Question

Solve the system of equations, using Matrix method

$2x-y=-2,3x-4y=3$

Answer 1

Given system of equations

$2x-y=-2$
$3x-4y=3$

This can be written as

$AX=B$

where $A=\left[\begin{array}{cc}2& -1\\ 3& -4\end{array}\right],X=\left[\begin{array}{c}x\\ y\end{array}\right],B=\left[\begin{array}{c}-2\\ 3\end{array}\right]$

Here, $|A|=-8+3=-5$

Since, $|A|\ne 0$

Hence, $A^{-1}$ exists and the system has a unique solution given by $X=A^{-1}B$

$A^{-1}=\frac{adjA}{|A|}$ and $adjA=C^T$

So, we will find the co-factors of each element of A.

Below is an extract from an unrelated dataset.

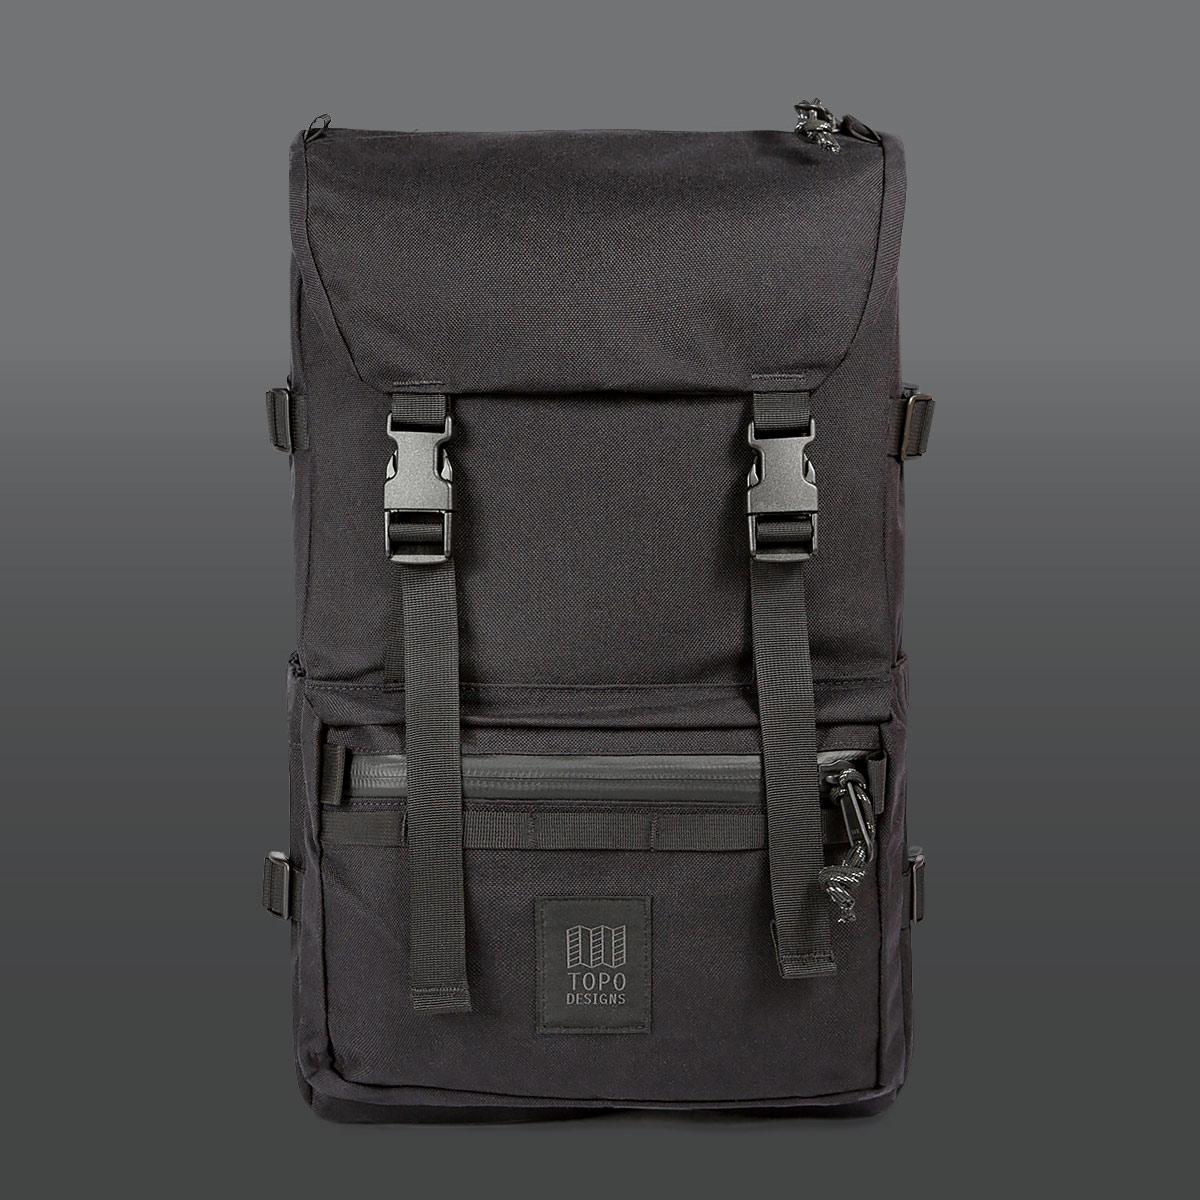 Topo Designs Rover Pack Tech Black, der ideale Rucksack für den täglichen Gebrauch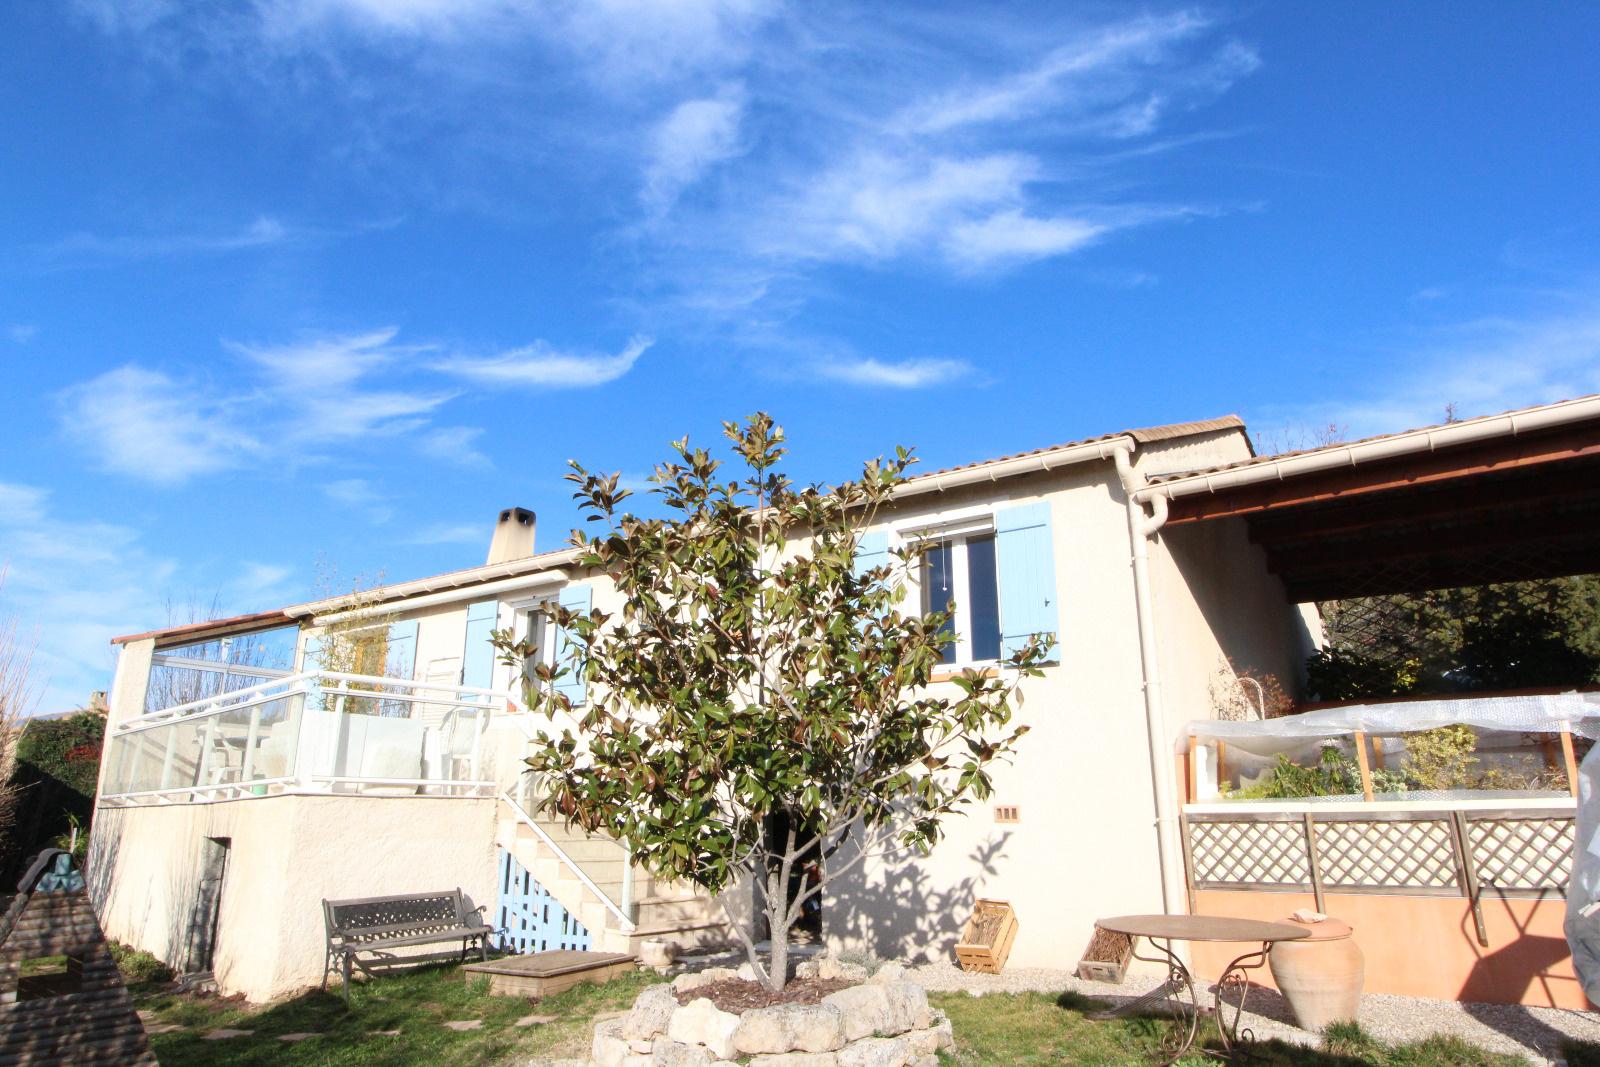 Vente maison/villa 4 pièces reillanne 04110

$C_{11}=(-1{)}^{1+1}-4=-4$

$C_{12}=(-1{)}^{1+2}3=-3$

$C_{21}=(-1{)}^{2+1}-1=1$

$C_{22}=(-1{)}^{2+2}2=2$

So, the co-factor matrix is $\left[\begin{array}{cc}4& -3\\ 1& 2\end{array}\right]$

$\Rightarrow adjA=C^T=\left[\begin{array}{cc}4& 1\\ -3& 2\end{array}\right]$

$\Rightarrow A^{-1}=\frac{adjA}{|A|}=\frac{1}{-5}\left[\begin{array}{cc}4& 1\\ -3& 2\end{array}\right]$

The solution is $X=A^{-1}B$

$\left[\begin{array}{c}x\\ y\end{array}\right]=\frac{1}{-5}\left[\begin{array}{cc}4& 1\\ -3& 2\end{array}\right]\left[\begin{array}{c}-2\\ 3\end{array}\right]$

$=\frac{1}{-5}\left[\begin{array}{c}-8+3\\ 6+6\end{array}\right]$

$\Rightarrow \left[\begin{array}{c}x\\ y\end{array}\right]=\left[\begin{array}{c}1\\ -12/5\end{array}\right]$

Hence, $x=1,y=-\frac{12}{5}$